Puede parecer una coña, pero resulta rigurosamente cierto. Salvo algún local orzanero que clavaba el ¿Qué puedo hacer? entre su menú de radiofórmula, en 1996 era prácticamente imposible encontrar un pub de A Coruña en el que pusieran a Los Planetas. Aquí el ambiente underground miraba hacia un sitio muy diferente que a la explosión indie que existía en otros puntos de España. Y, en muchos casos, existía una verdadera hostilidad hacia ese tipo de sonidos. Sin embargo, entre mi grupo de amigos de la universidad (estudiábamos fuera pero éramos todos de A Coruña), los granadinos se convirtieron en algo así como un símbolo. Sentíamos esa sensación inexplicable de escuchar algo que solo se podría entender con verdadera militancia de fan, una vez sumergido en ese universo inescrutable para la mayoría. Es decir, era el mundo el que estaba equivocado, no nosotros, que veíamos en aquel Super 8 nuestra vida secuenciada en un puñado de canciones. La oposición lo hacía más excitante, si cabe.

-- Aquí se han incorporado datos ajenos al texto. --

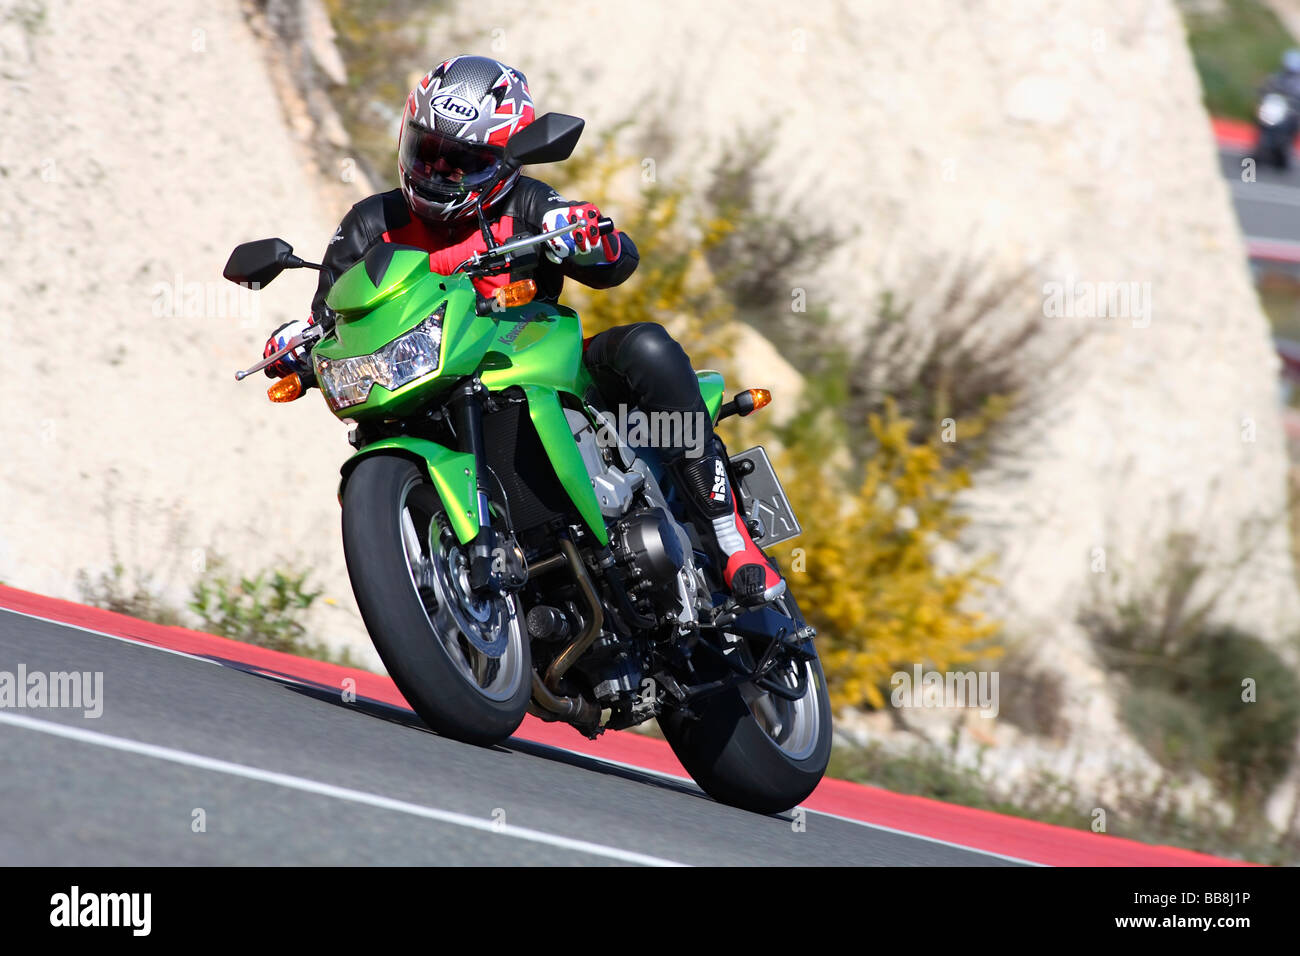 Moto Kawasaki Z750 Photo Stock - Alamy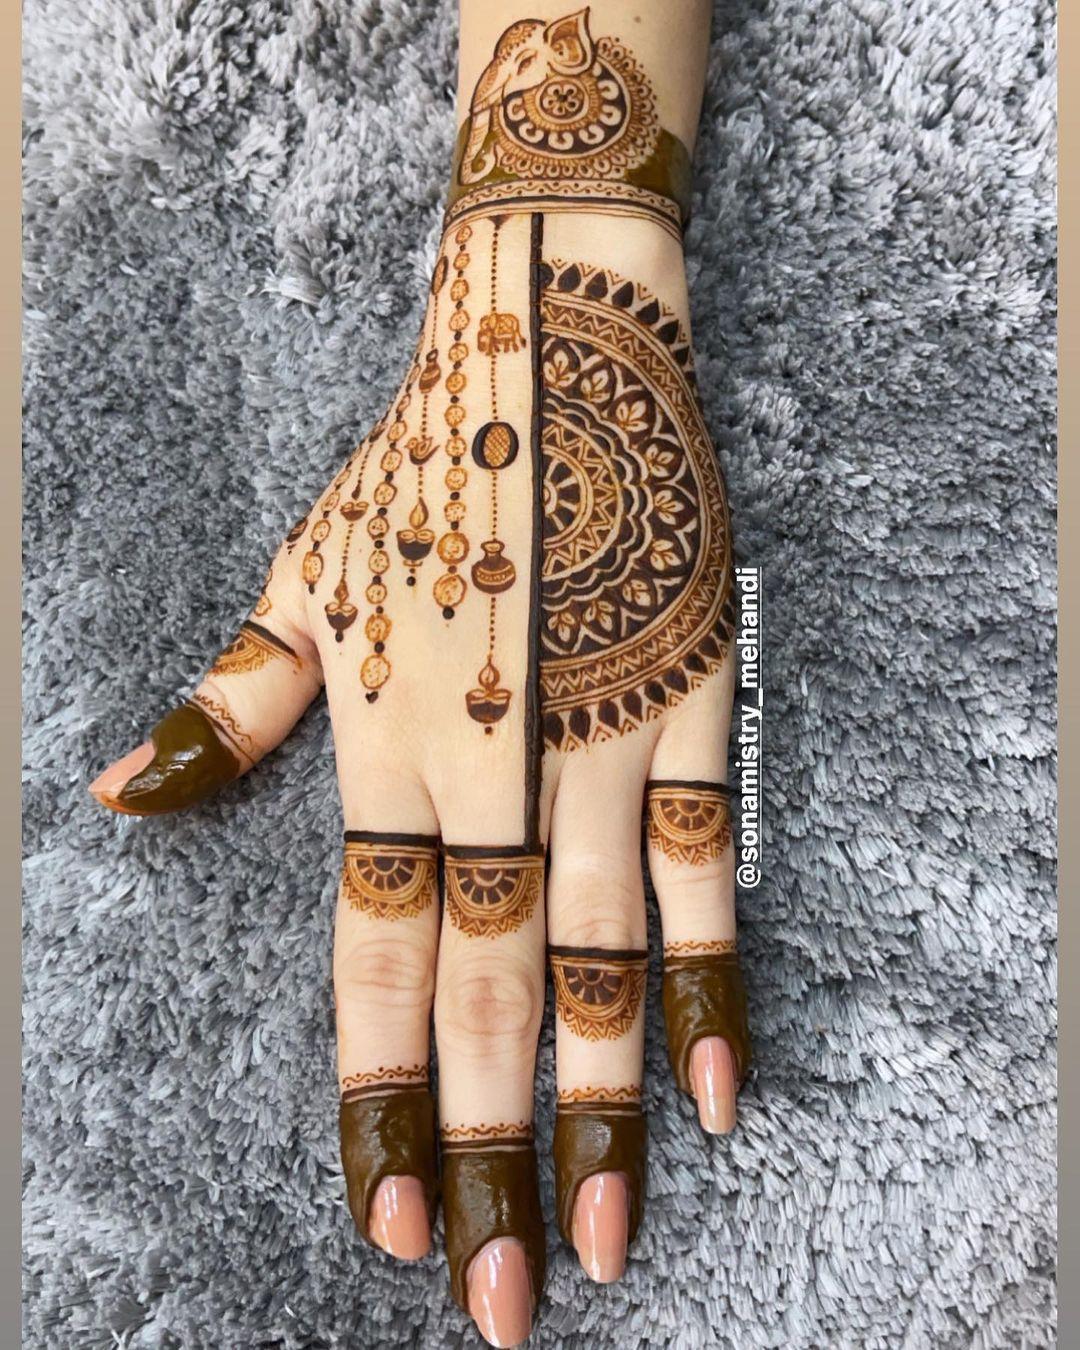 easy simple mehndi henna designs for hands|matroj mehndi designs - YouTube

Un día, hartos ya de la situación e impulsados con ese descaro que se tiene a los veinte años, yo y un compañero bajamos de copas con el cedé del Super 8 en el bolsillo. Fuimos a uno de los locales roqueros de la ciudad, el desaparecido Fun House (hoy Casa Italia, en la Ciudad Vieja). Pedimos que nos pusiera el disco. El pinchadiscos, que era un tipo encantador aunque bastante lejano a nuestra sensibilidad (le gustaba más el Second Coming de los Stone Roses que el Stone Roses, por situarlo), se dejó embaucar por la descripción sonora de lo que le entregábamos. Nos preguntó “¿Cuál pongo?”. “¡La diez, la diez!”, le dijimos. Y allí, entre Janis Joplin y Jimi Hendrix sonó -gloriosa, excitante, tremenda- La caja del diablo. ¡El germen de Spacemen 3 instalado en el bastión del rock ortodoxo! La cara del pincha era todo un poema. Con todas las letras escritas en su gesto decía: ¿Pero qué demonios pasa aquí?. «Espera un poco, que ahora es cuando empieza a molar», le contestábamos, preparándonos para la estampida de baterías de Paco. Las cejas en el local se arquearon y yo y mi colega, extasiados, celebramos aquel pequeño momento de placer estúpido, arrogante y maravilloso.

Por supuesto, el tema no llegó al final, pero el estallido resultó tremendo. Luego, con el tiempo, todo cambiaría, pero mmmm… que agradable sensación aquella.